Rosamond Purcell was the subject of the 2016 documentary film An Art That Nature Makes: The Work of Rosamond Purcell by Molly Bernstein. Purcell’s books include: Book Nest, Illuminations: A Bestiary, A Glorious Enterprise: The Museum of Natural Sciences of Philadelphia, and Owls Head: On the Nature of Lost Things, which documents Purcell’s 20-year exploration of a multi-acre Maine junkyard. Her work has been exhibited throughout the U.S. and Europe and is held in the collections of the Museum of Fine Arts, Boston; the Metropolitan Museum of Art; the Nelson-Atkins Museum of Art; the National Academy of Sciences in Washington, D.C.; the V&A in London; the Art Institute of Chicago; the National Gallery of Canada, and other institutions.
About the Addison Gallery of American Art
Devoted exclusively to American art, the Addison opened in 1931 and holds one of the most important American art collections in the country. Its collection includes more than 25,000 works by artists such as John Singleton Copley, Thomas Eakins, Winslow Homer, George Bellows, Georgia O’Keeffe, Jackson Pollock, Jennifer Bartlett, Lorna Simpson, Kara Walker, Jaune Quick-to-See Smith, Kerry James Marshall, and Mark Bradford, as well as photographers Eadweard Muybridge, Walker Evans, Robert Frank, Cindy Sherman, Laurie Simmons, Sally Mann, Dawoud Bey, Carrie Mae Weems, and many others.
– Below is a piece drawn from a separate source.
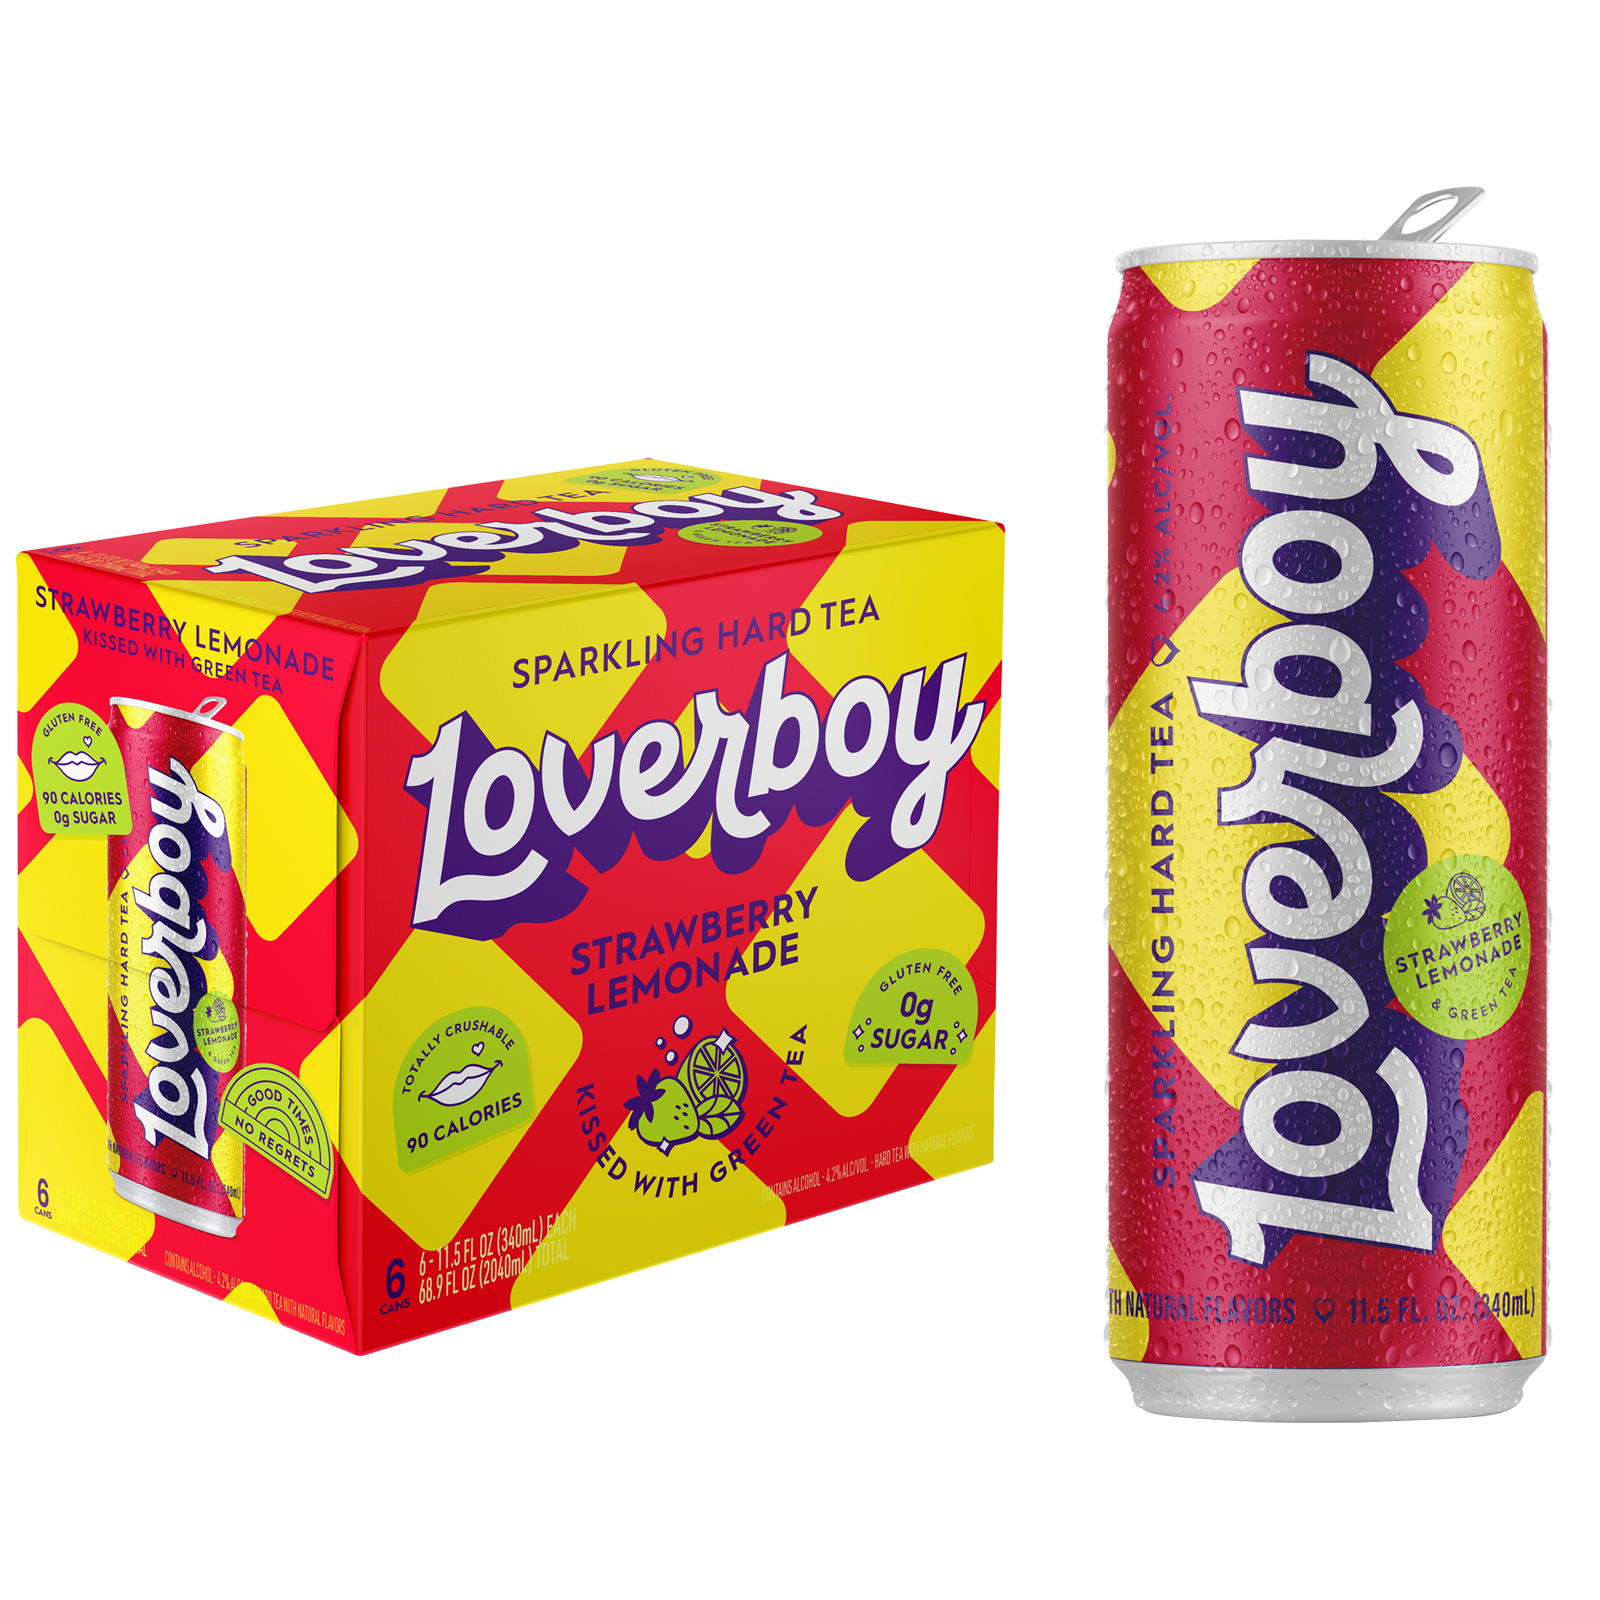 Loverboy Strawberry Lemonade Sparkling Hard Tea 6pk 12oz Can 4.2% ABV

The Addison Gallery, located in a stand-alone building on the campus of Phillips Academy-a residential school of grades 9 through 12 in Andover, Massachusetts-offers a continually rotating series of exhibitions and programs, all of which are free and open to the public.
The Addison is open to the public 10 a.m. – 5 p.m. Tuesday-Saturday, and 1 – 5 p.m. on Sunday. Admission is free. Masks are required.